§ **Raw data**
----

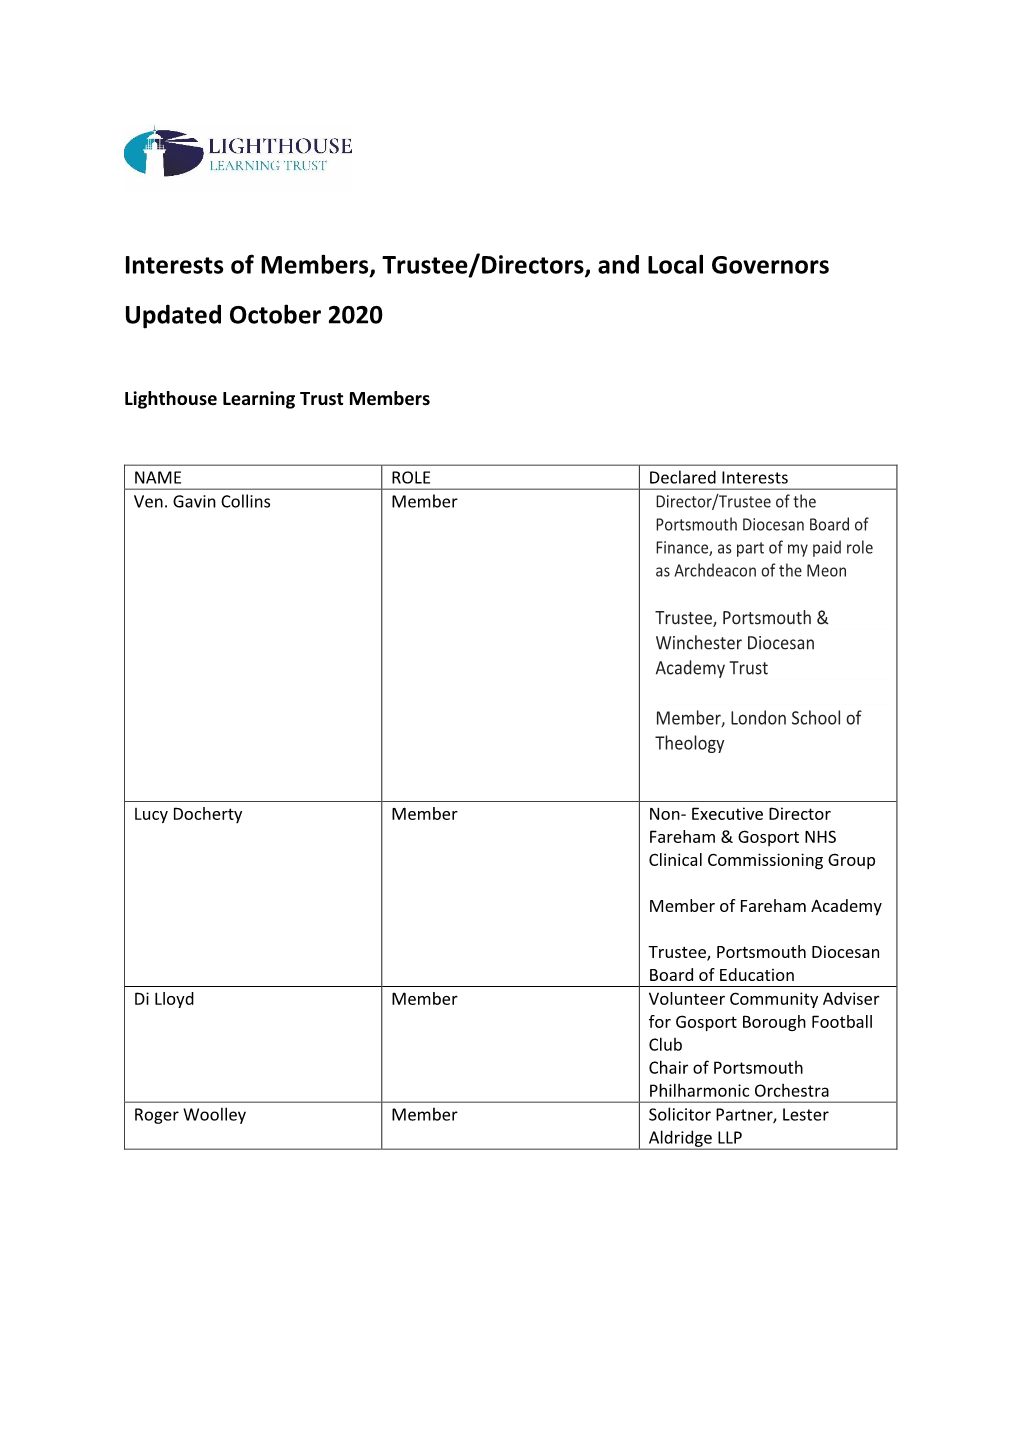 Interests of Members, Trustee/Directors, and Local Governors Updated October 2020
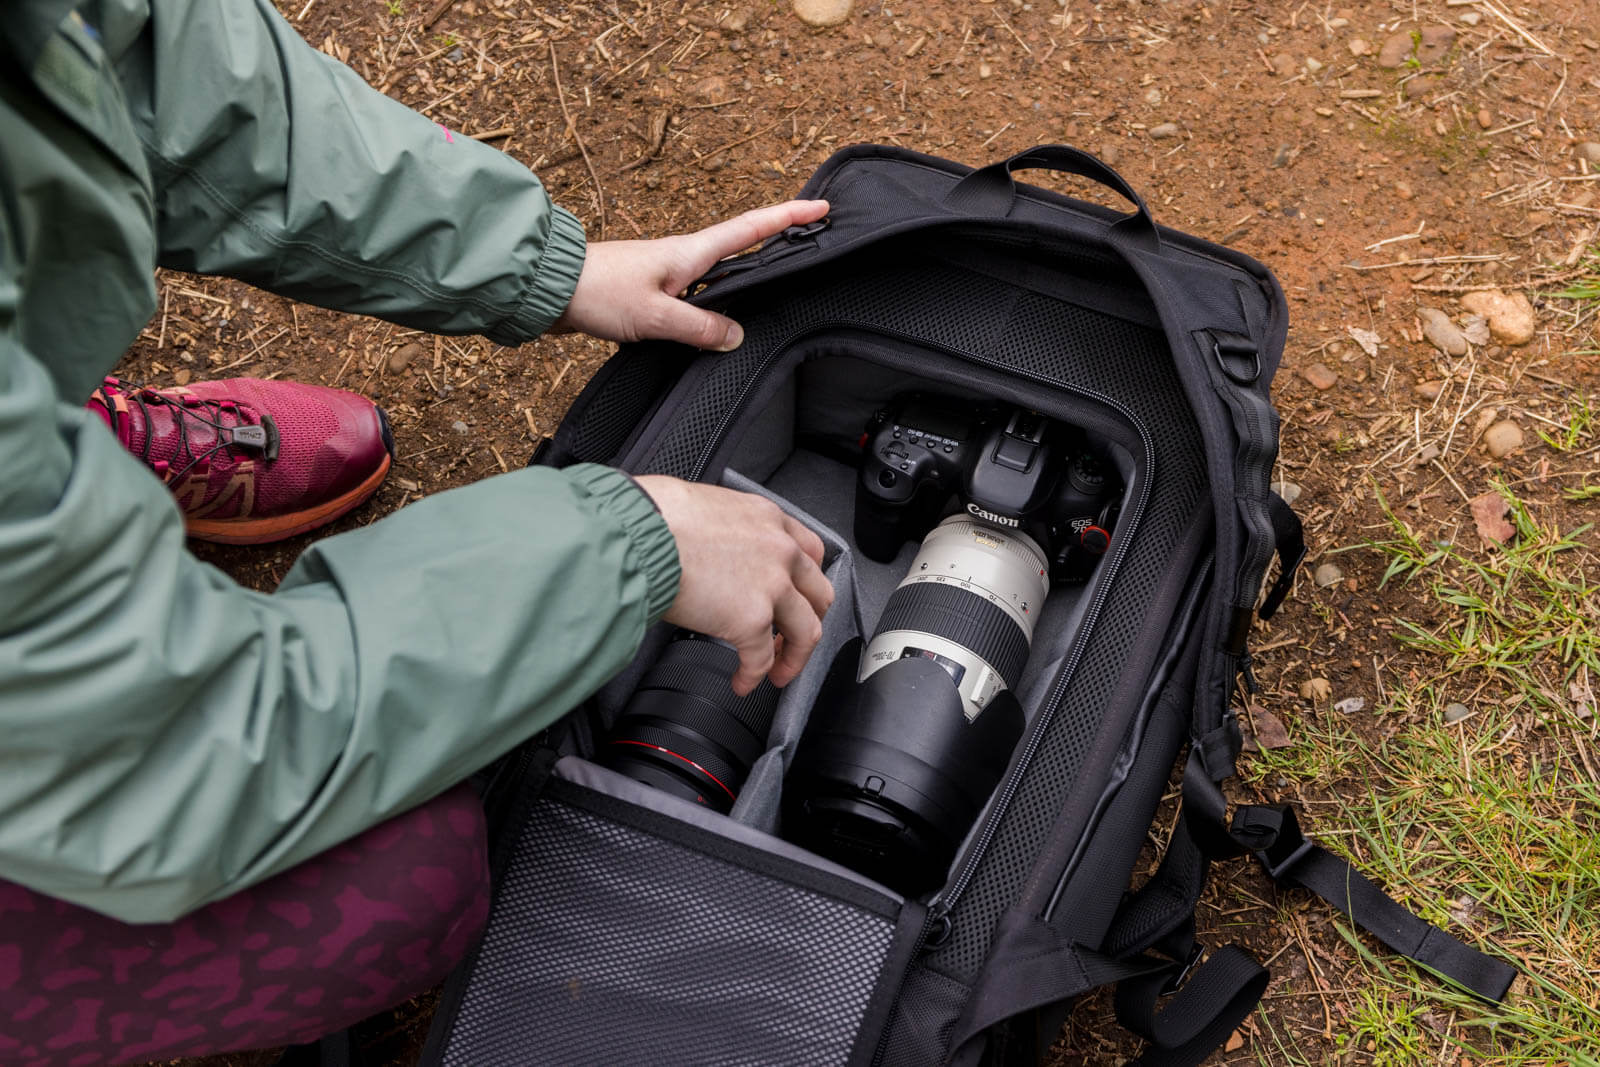 Versatility and comfort with Chrome's Niko Camera Backpack 3.0 
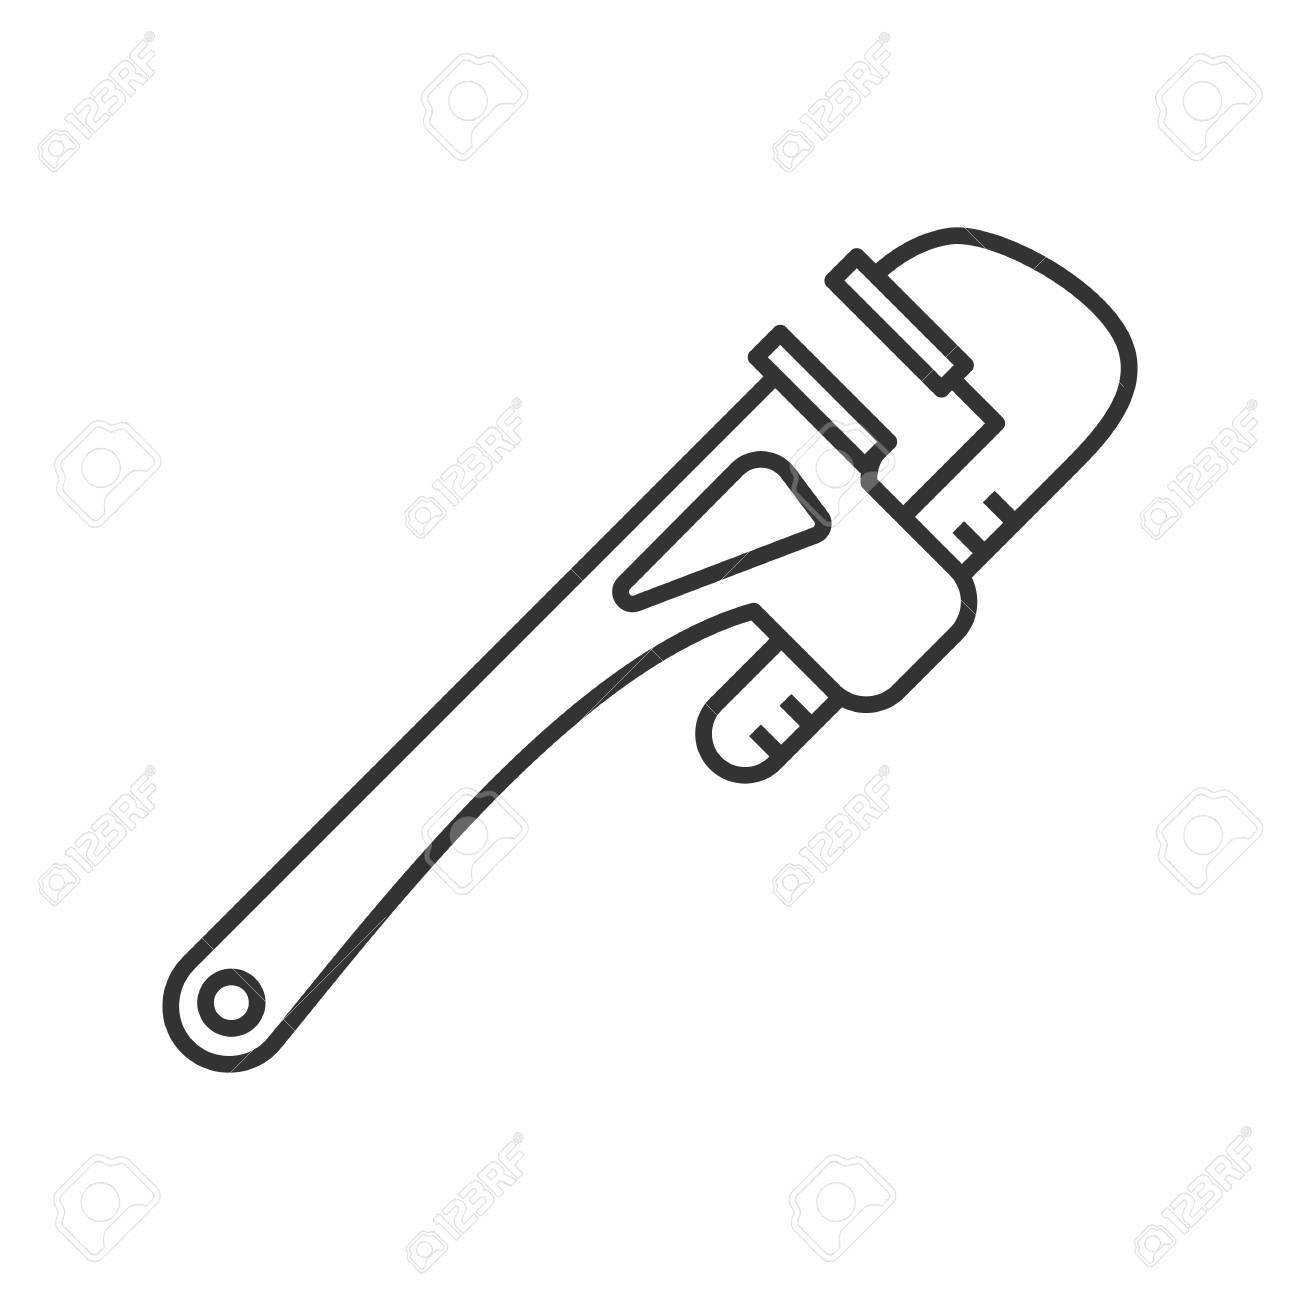 Monkey wrench linear icon. Thin line illustration. Spanner. Contour...
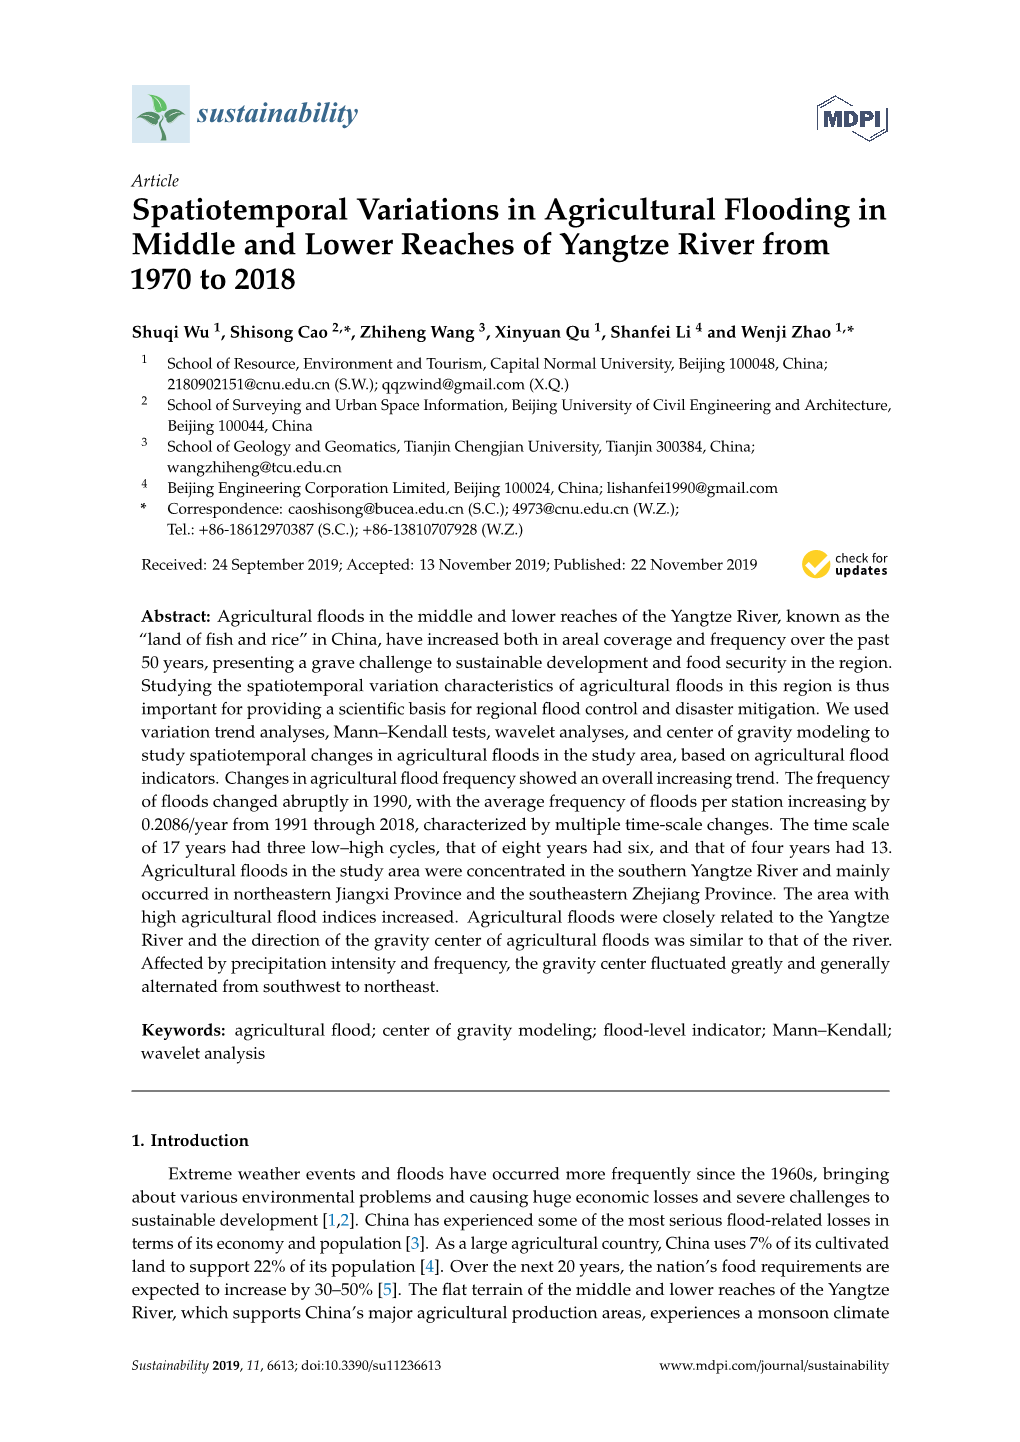 Spatiotemporal Variations in Agricultural Flooding in Middle and Lower Reaches of Yangtze River from 1970 to 2018

----

§ **Work task**
Transcribe the material as is, with images omitted.

§ **Response area**
 Interests of Members, Trustee/Directors, and Local Governors Updated October 2020
 Versatility and comfort with Chrome's Niko Camera Backpack 3.0 
 Monkey wrench linear icon. Thin line illustration. Spanner. Contour...
 Spatiotemporal Variations in Agricultural Flooding in Middle and Lower Reaches of Yangtze River from 1970 to 2018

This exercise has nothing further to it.